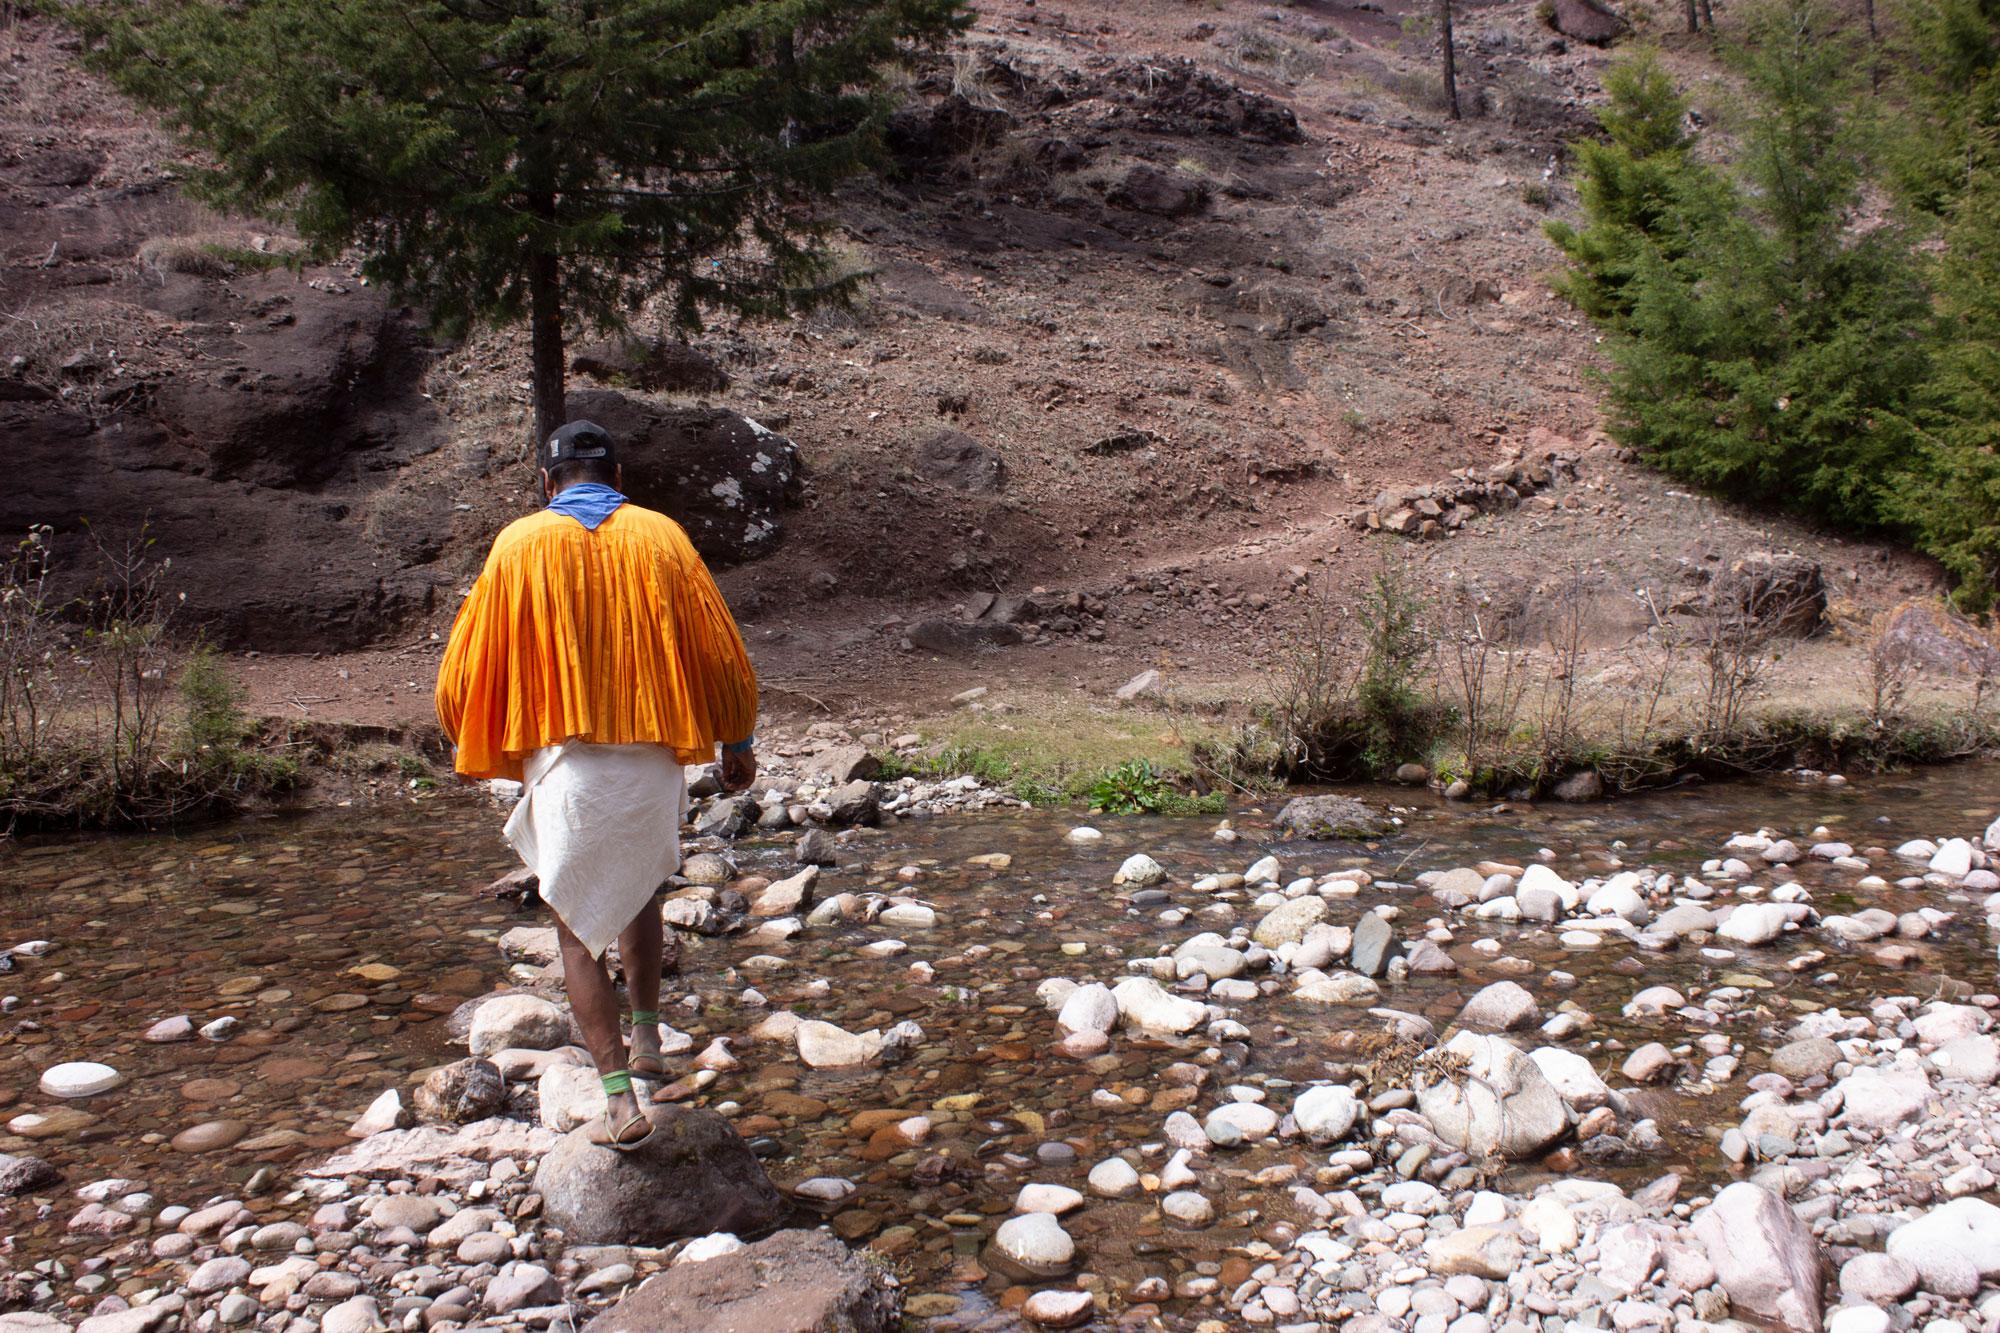 Manuel Luna on Hike
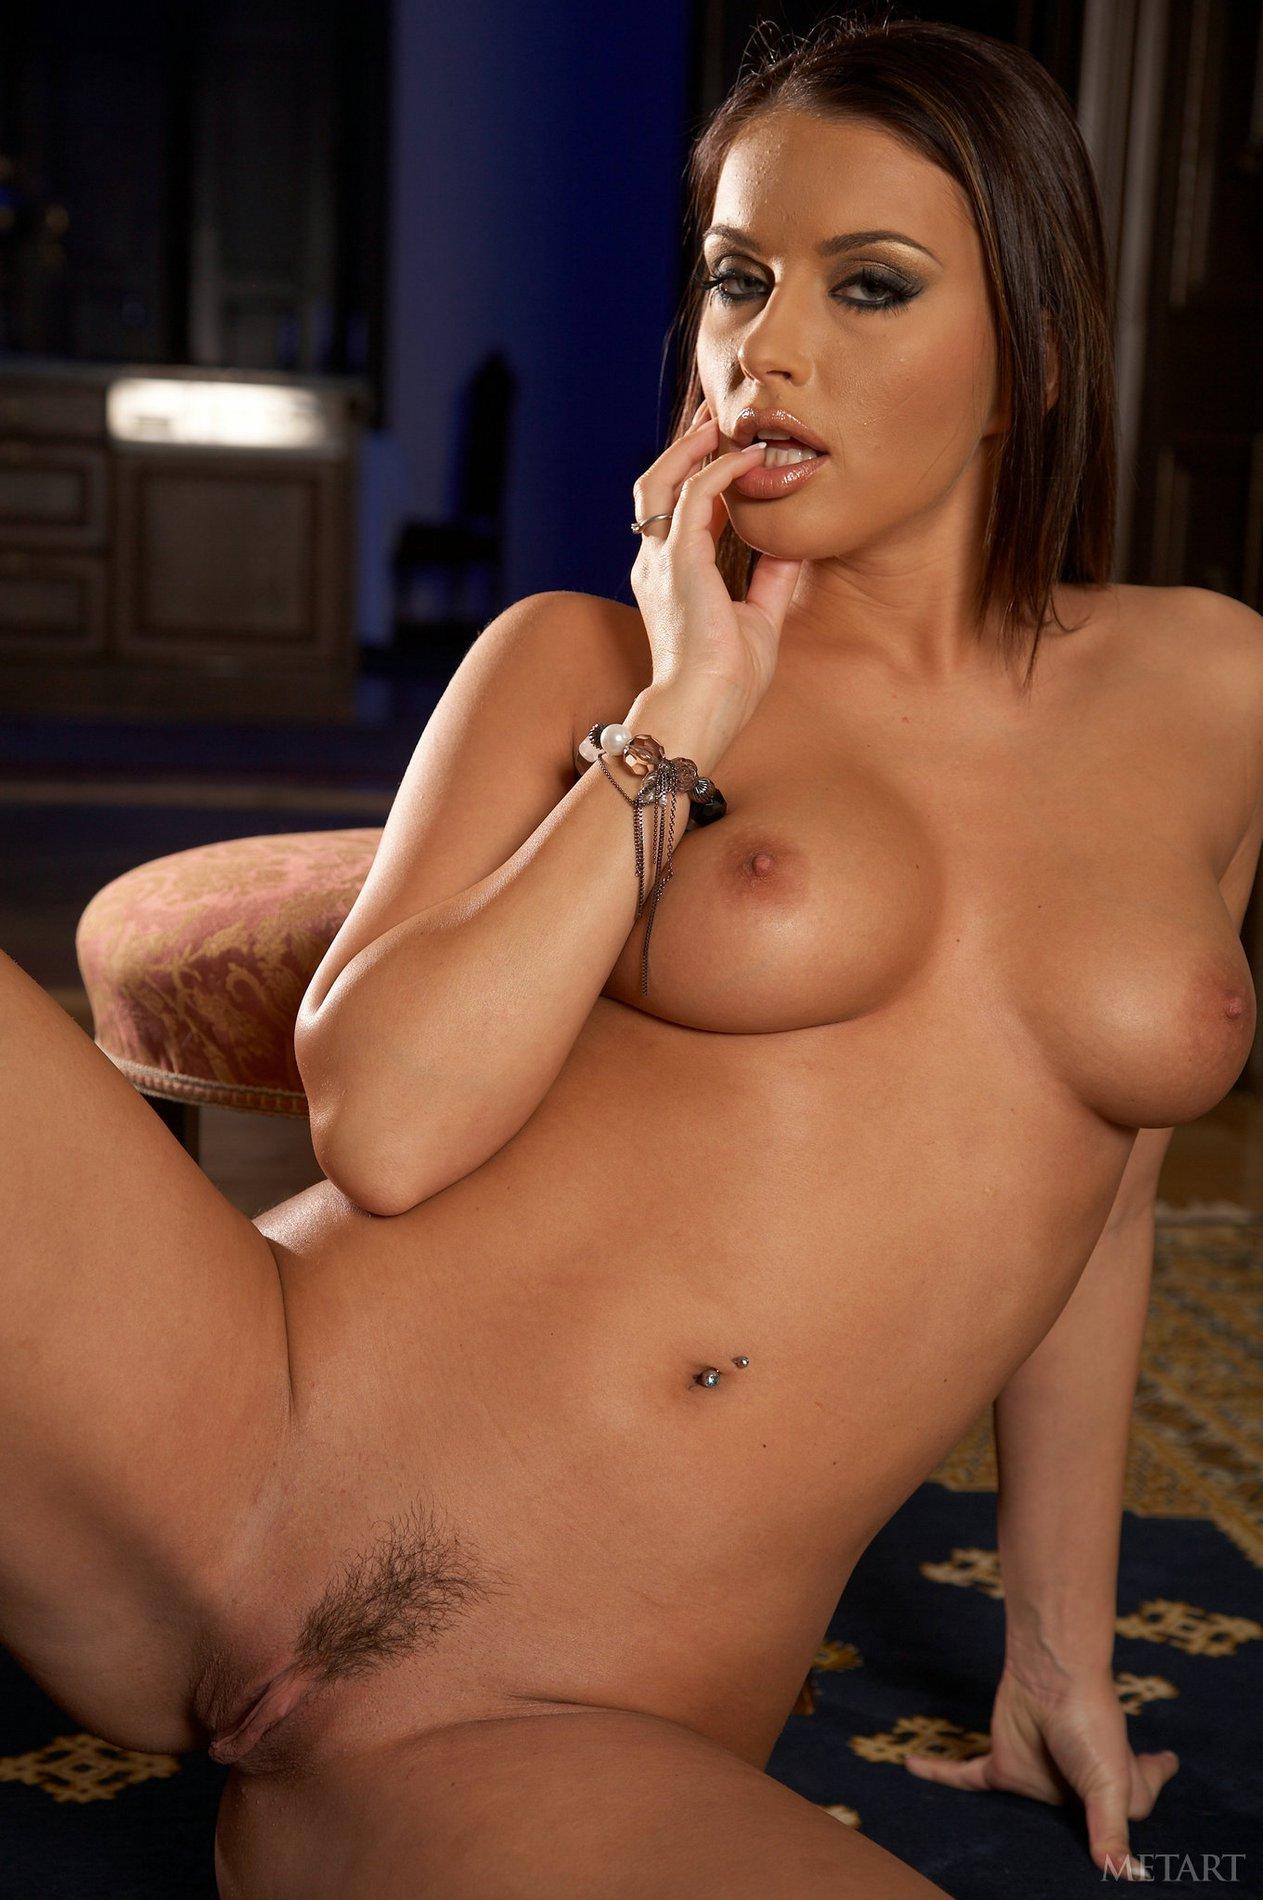 Marketa Brymova shows off her hot body - My Pornstar Book
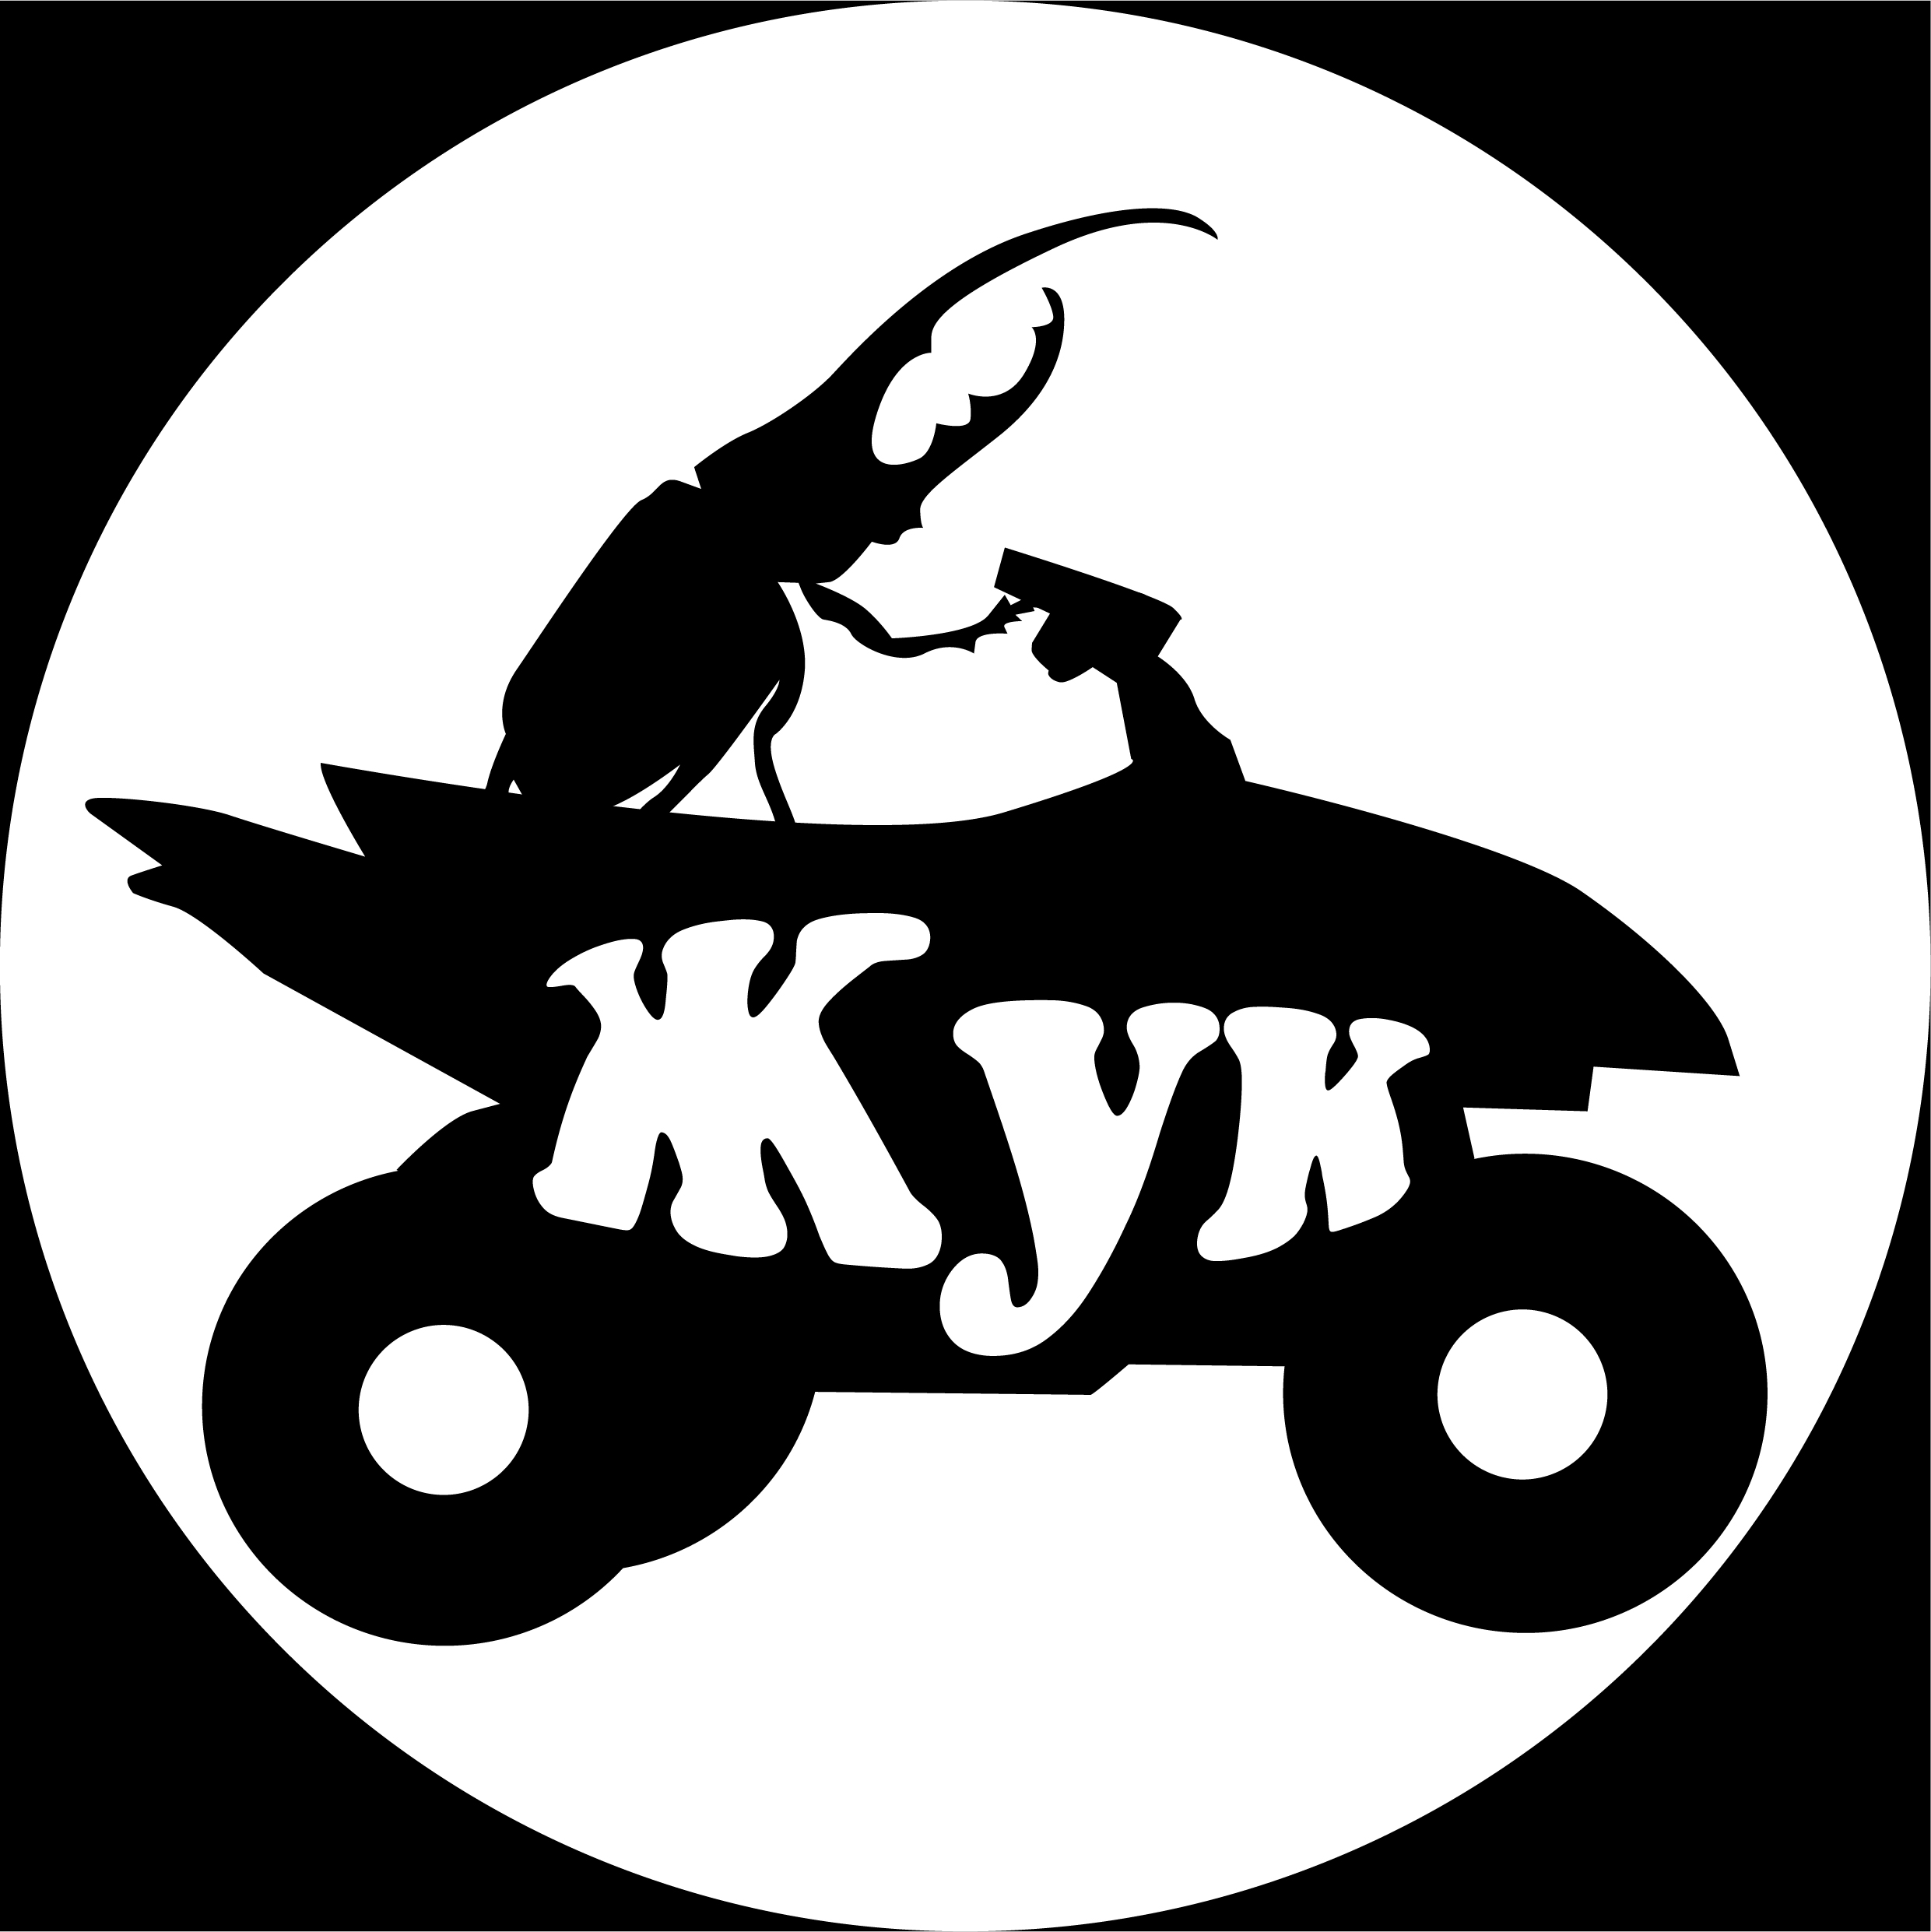 Нужен логотип (эмблема) для самодельного квадроцикла фото f_8735afc0a1b3d782.jpg

——————————

WHAT YOU ARE ASKED TO DO – Word-for-word transcript, pictures excluded: copy all the material above.

ANSWER SECTION –
 Manuel Luna on Hike
 Marketa Brymova shows off her hot body - My Pornstar Book
 Нужен логотип (эмблема) для самодельного квадроцикла фото f_8735afc0a1b3d782.jpg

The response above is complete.